Ik bezoek eene tentoonstelling van nieuwe schilderijen in het huis van de
national gallery. Niet veel fraais
* Ik wandel vervolgens naar het British Museum waar Owen mij medeneemt om bij
hem in zijn huis in de nabijheid van Sheen. waar Thomas Temple gewoond had te
komen eten. Hij heeft hier een zeer aardig landelijk huis met schoonen tuin.
midden in' t park van Richmond, waar de koningin van Engeland hem eene vrije
woning gaf.
werpen hunnen boeken, gelijk Owen mij verhaalde.
*namelijk Chiromys op spiritus, die Owen zou ontleden. Ik verschil met hem in
opinie; hij houdt het dier voor een Lemuride(?).
6 July.
Ik bezorg een brief aan Jan, bezoek Quechett dien mij eene sp . .. op
eene rups groeijende geeft, Ik bezoek het bankiershuis van Glyn(?) en Mills ..
en neem 6 £ op.
Ik bezoek Burlington-house, waar thans de verzamelingen der Linnean Society
zijn.Ik werp een blik op eenige laden der Insekten. Lepidoptera. die
grootendeels nieuwe exemplaren zijn, terwijl de Linneaansche voorwerpen nu niet
meer te herkennen zijn, daar alle met nieuwe etiquetten zijn voorzien blijkbaar
met eene engelsche hand geschreven.
Carpenter en White Cooper (hoek van Br Street en Berkeley Square) worden
nutteloos door mij gezocht 's avonds wandel ik door de Regentstreet, bezoek nog
even
het Theater in Haymarket waar ik het derde bedrijf van eene comedie die
naar Indie tot onderwerp had bij woon.
Het theater is zoo vol dat ik bij het zomerweder door de hitte bijna verstik.
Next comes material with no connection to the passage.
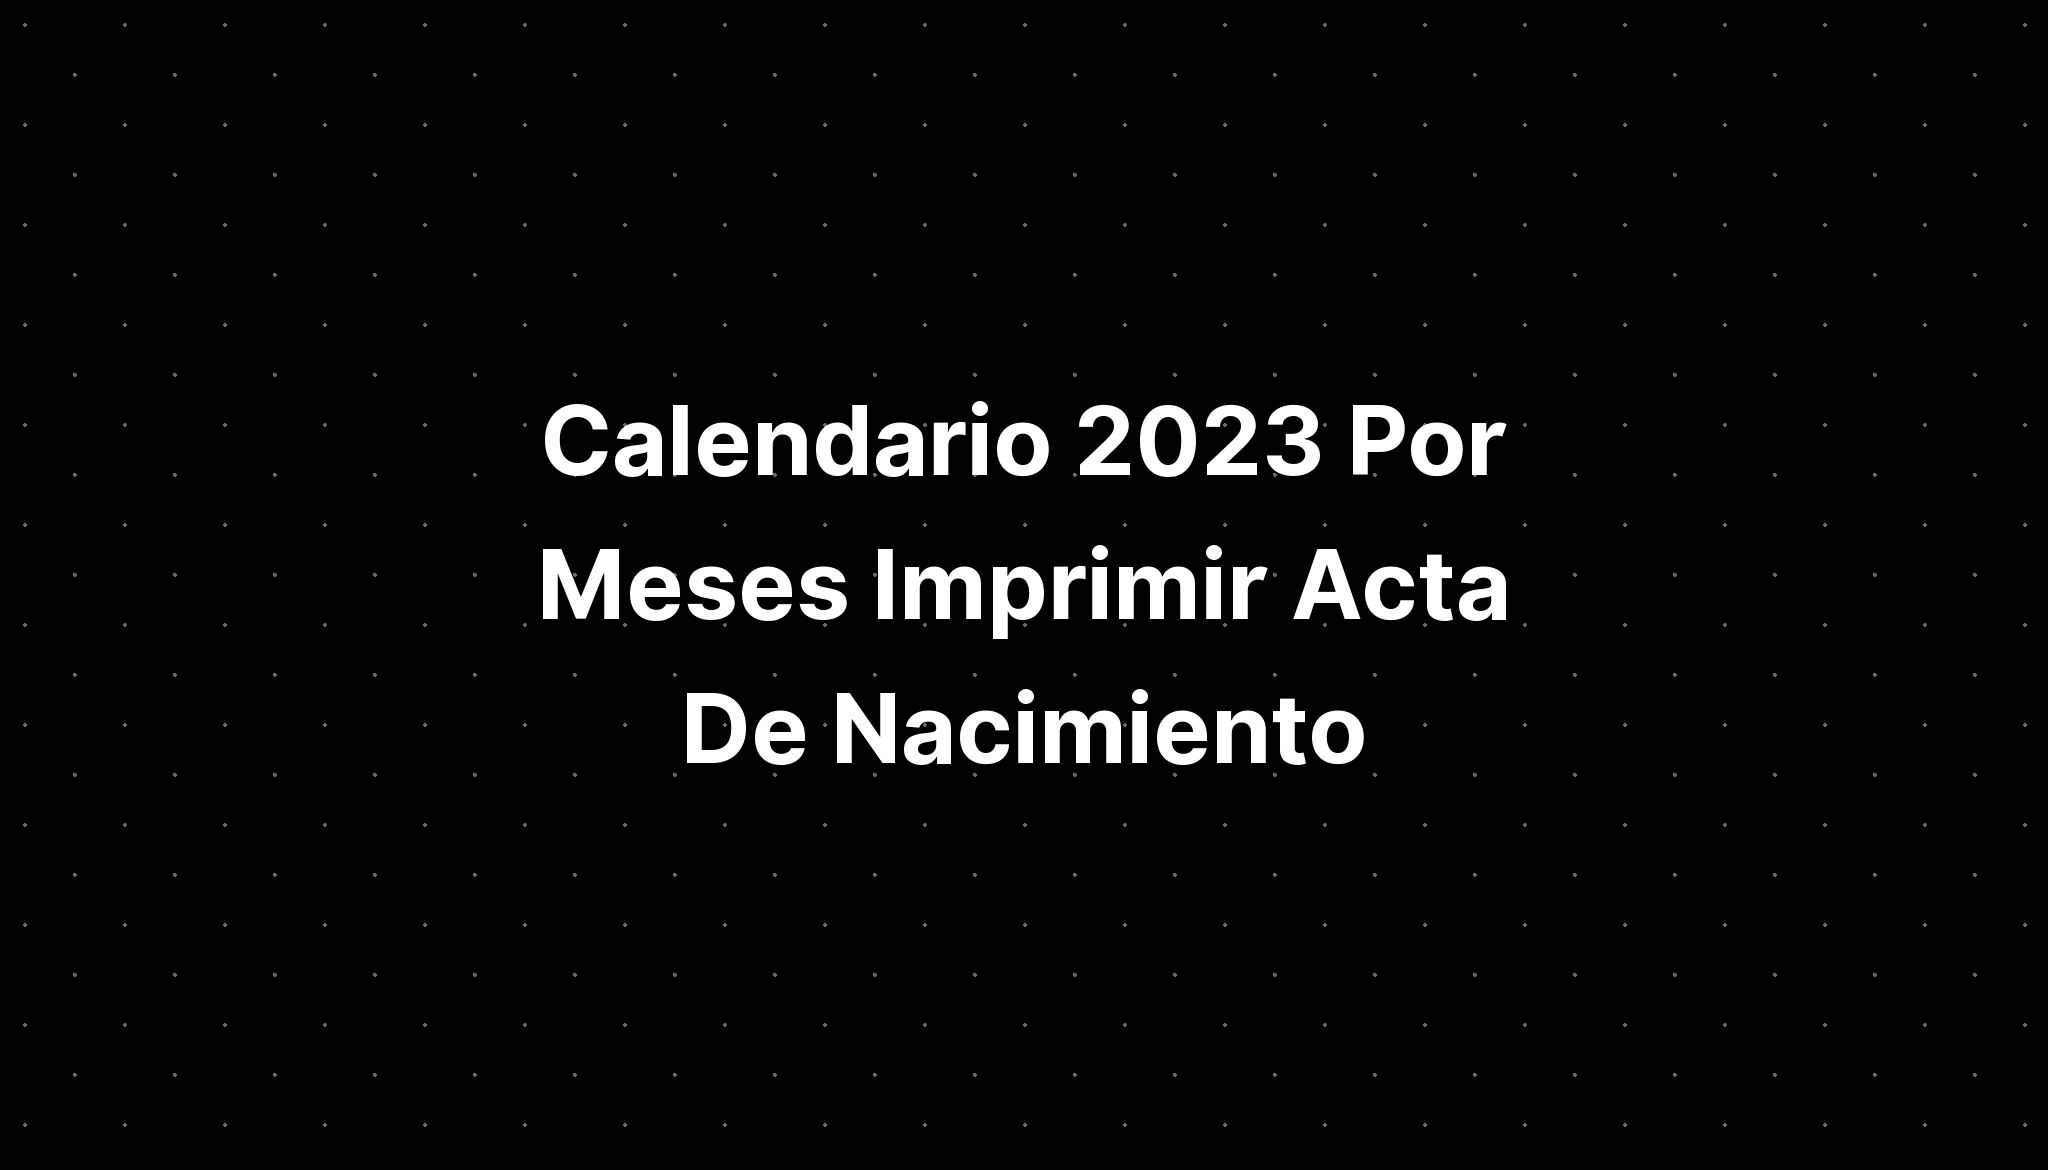 Calendario 2023 Por Meses Imprimir Acta De Nacimiento Imagesee 9170

Nadat de farce uit was (half 10) moesten nog twee stukjes vertoond worden: maar
ik had geen moed die bij te wonen, en wandelde langs het Strand en de Fleet
Street naar Blackfriarsbridge terug.
7 Julij.
Ik begin den dag met adressen op te schrijven; bezoek dan het british
Museum waar ik Owen niet aantrof, maar bij Adam-White zag ik Bohema(?) uit
Stocholm- PrapittenesC?) twee exemplaren. Breede middelste boven snijtanden; een
witte streep dwars voor op het hoofd boven de ogen; staart kort. Ik bezoek
vervolgens Grant Euston Grove 2 bii Euston Square; vind hem niet te huis,
schrijf aan hem op mijne visitekaart; evenmin vind ik Sir Benjamin Brodie
Saville Row 14 die uit de stad was. Een portret van Brodie zeer gelijkend
gegraveerd naar eene Photographie, dat ik op het Strand zag, kon ik niet
afzonderlijk kopen, maar wel een geheel
stel van 26 portretten voor 2 sh. dat ik zeer weinig vind maar waar ik niet toe
kon besluiten. (Ik bezoek den boek verkooper Williams en Norgate Henrietta
Straat dit behoort tot de vorige dag). Ik bezoek vervolgens Paget in zijn huis(
ik had hem reeds tweemalen in het St Barth. Hospital vruchteloos gezocht) en
vind hem te huis; hij nodigt mij tegen 7 ure bij zich te eten. Ik ga naar
Blackfriarsbridge terug en bezoek in 't voorbijgaan de National Galleiy waar ik
eenige nieuwe schilderijen aantref. Na wat gegeten te hebben ga ik nogmaals naar
't British Museum maar tref Owen niet aan, die dezen dag niet in Londen geweest
was. Zeer vermoeid keer ik naar mijn woonig terug, en schrijf in dit dagboek
Ik dineer ten huize van Paget met Brown Sa.... Wij hebben eenen aangenamen avond.
Het huisgezin van Paget heeft eene grote aantrekkelijkheid. Een jongen zingt
zeer goed en een meisje speelt quatremains met hare moeder op de Piano.
8 July.
De vertrek per Batavia naar Rotterdam waar ik 9 July aankwam. De
overtogt leverde weinig belangrijks op. 's nachts was het vrij koud.